In this context, the Spanish strategy involves consolidating centers like the BSC, promoting networks like the RES, supporting open chip projects and form very rare profiles in computer architecture and AI. It is no coincidence that, as the center's own directors acknowledge, PhDs specializing in these fields receive offers from private industry with salaries difficult to match from academia, which complicates talent retention.

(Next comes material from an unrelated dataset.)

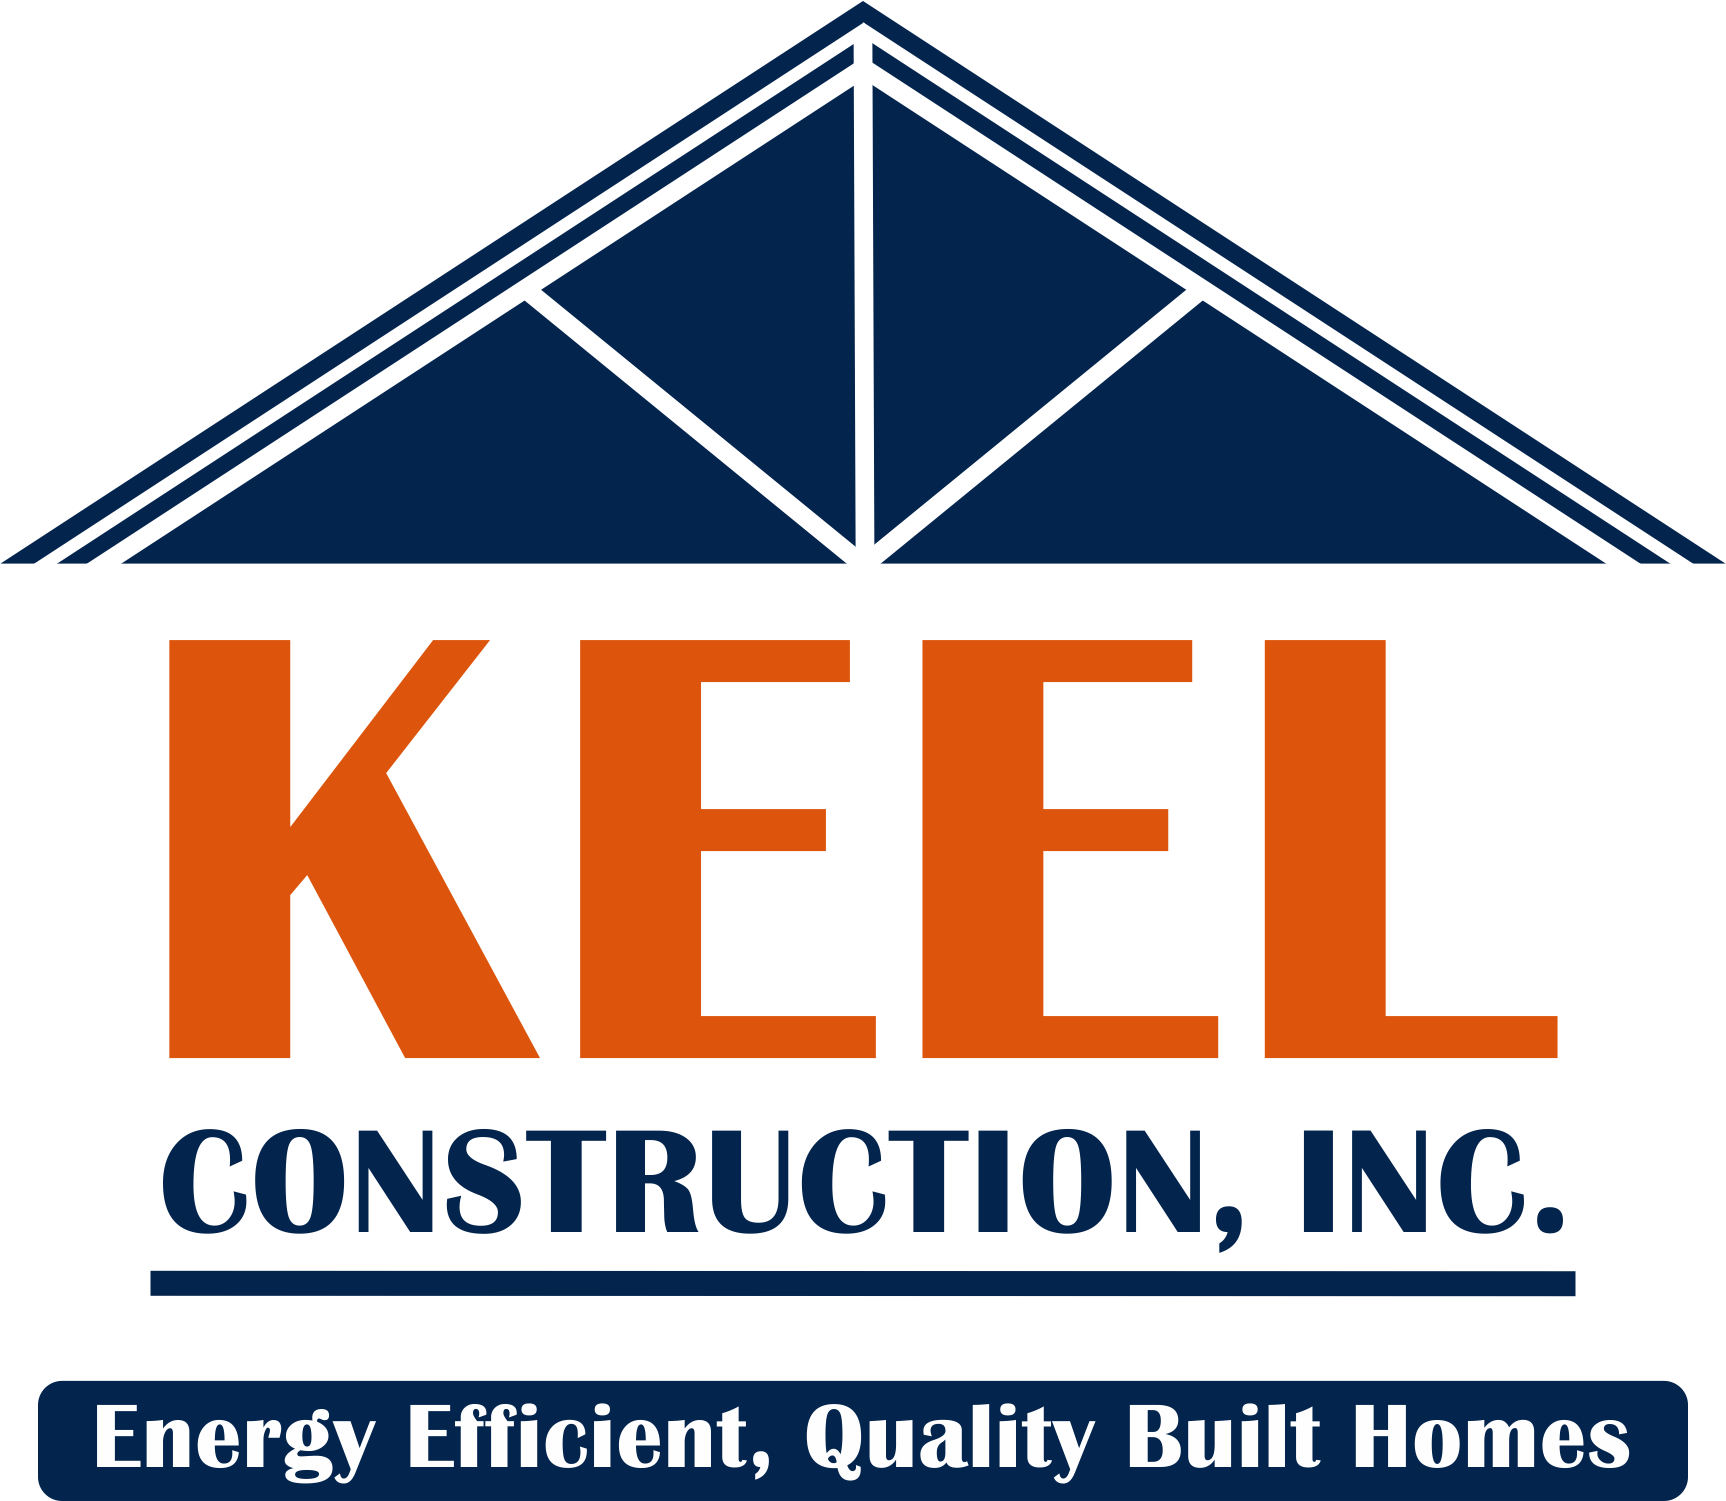 Home Builder for Lake Martin & Auburn Area - Keel Construction

Meanwhile other Spanish universities They are strengthening their infrastructure, as demonstrated by the Picasso project in Málaga or the RES nodes distributed throughout the country. In many cases, these systems serve both particle physics such as climate change studies, engineering, bioinformatics or smart city projects, demonstrating that supercomputing is no longer a luxury reserved for a few laboratories.

Looking at the whole picture, it's quite clear that supercomputing has gone from being a laboratory curiosity to becoming a critical infrastructure for climate, health, security, the economy, and even for how we design cities, vehicles, or medicines. At the same time, the leap of AI from the laboratory to production and the rise of digital twins are bringing some of this power to specialized servers and even to the desktops of engineers and scientists, opening up a scenario in which, far from disappearing, supercomputing is becoming increasingly integrated into our daily lives, even if we often don't see it.